Thursday, 16 January 2020: 11:00 AM
208 (Boston Convention and Exhibition Center)
G. Alexander Sokolowsky, Colorado State Univ., Fort Collins, CO; and S. W. Freeman and S. C. van den Heever
Aerosol influence on convective clouds has been an active, yet contentious, area of research over the past several decades. Previous studies on aerosol-cloud-precipitation interactions have shown that increased aerosol loading leads to smaller but more numerous cloud drops than there would be otherwise. Some studies have shown this to subsequently lead to a suppression of collision-coalescence processes, deeper convection, and stronger updrafts, while others have found a less monotonic response, or even inhibition of convective development with enhanced aerosol loading. These conflicting results may be due to a modulation of aerosol interactions by the environment, but at present, relatively little research has examined how different thermodynamic environments affect the sensitivity of convective clouds to aerosol loading. The goal of this research has therefore been to use numerical simulations to assess how the response of tropical, maritime boundary layer cumulus and cumulus congestus clouds to changes in aerosol content is modulated by different thermodynamic environments.

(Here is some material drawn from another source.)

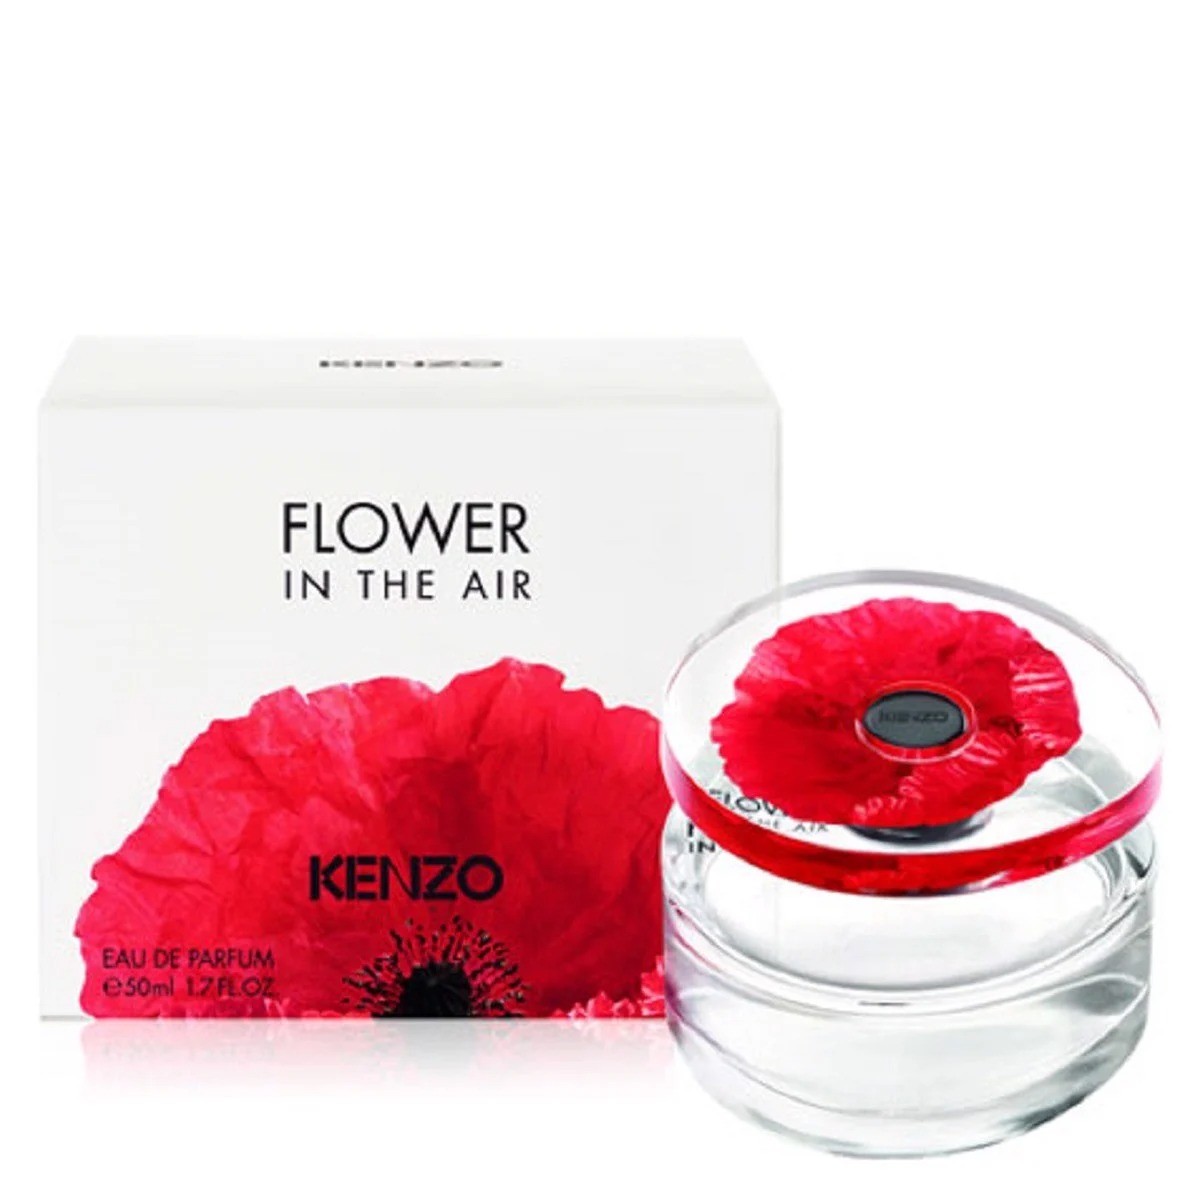 Kenzo Flower in the Air 1
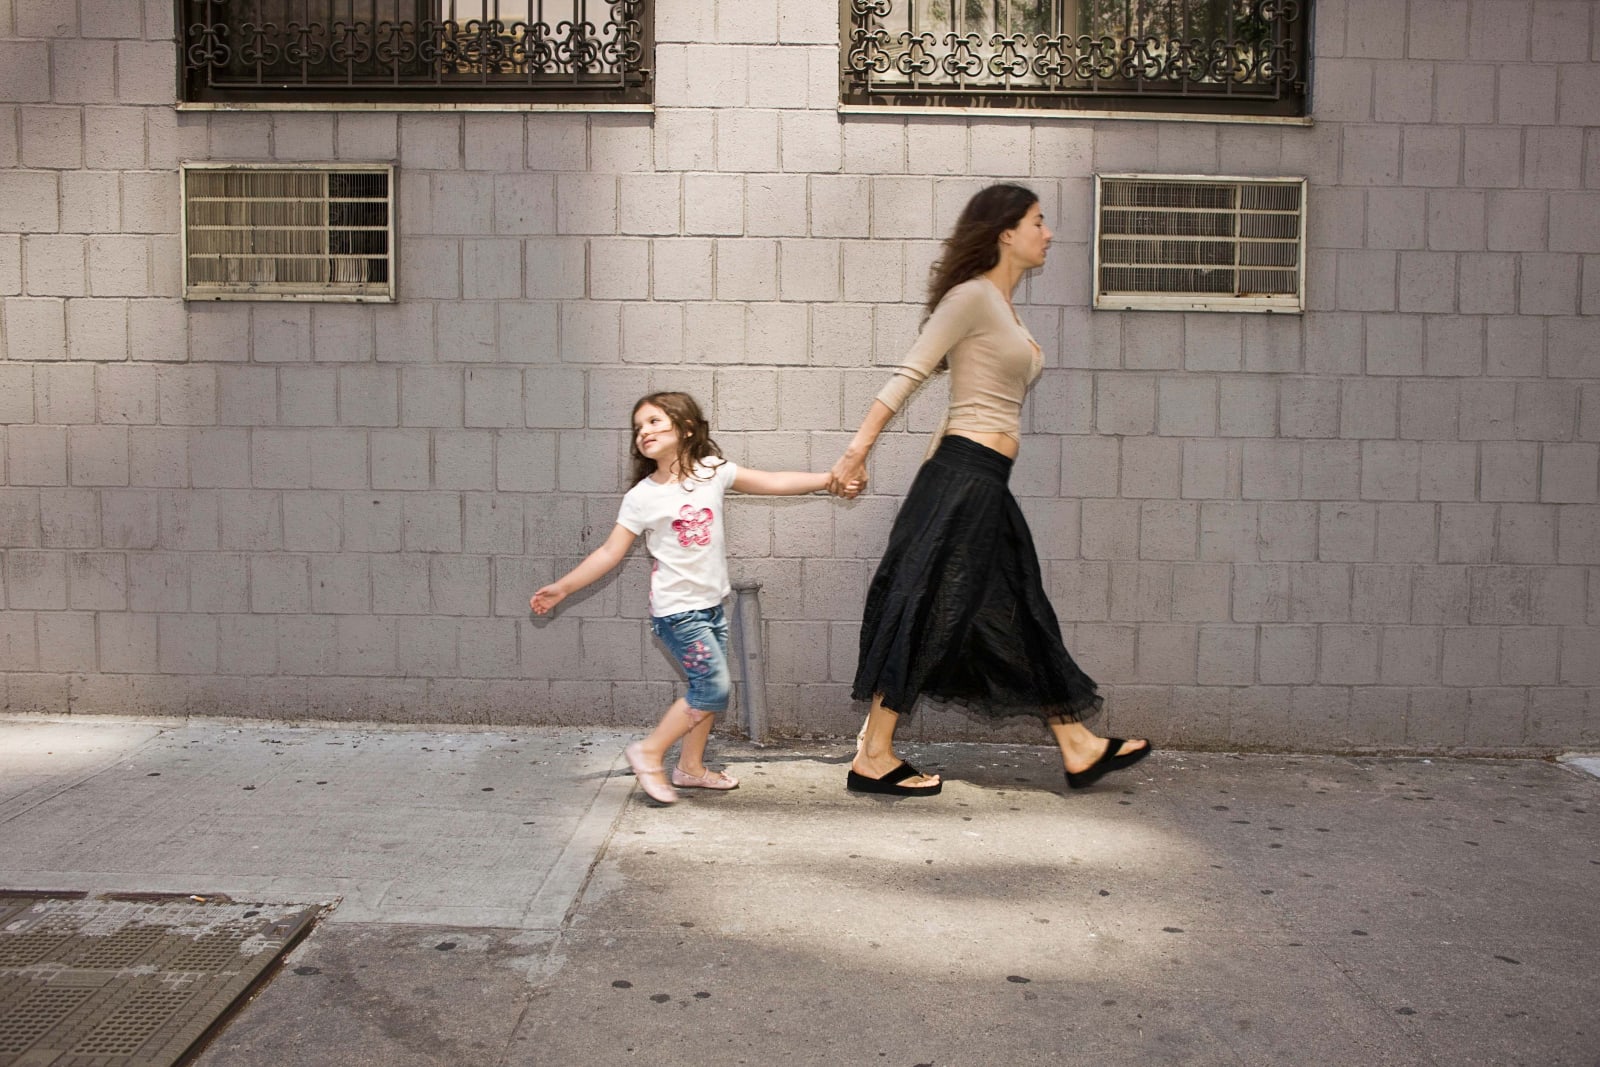 Elinor Carucci photograph of the artist walking on the sidewalk holding her daughter's hand

We have run high-resolution, cloud-resolving model simulations in the Regional Atmospheric Modeling System (RAMS) to address this research goal. Nine total experiments that were run include combinations of enhanced surface aerosol concentration (clean, moderate, and polluted) and reduced static stability (less stable, moderate, more stable). We used output from a larger-scale case study simulation covering the Maritime Continent and West Pacific Ocean to initialize and nudge these high-resolution simulations, and focused on a region in which primarily shallow convection was produced. We have examined the relative frequency of different convective cloud types, cloud dynamical and microphysical structural properties (e.g. updraft strength, cloud thickness, condensate distribution), and precipitation characteristics to quantify the response of the different cloud types to aerosol and thermodynamic perturbations on the initial state. The physical processes which led to these results will be presented and discussed.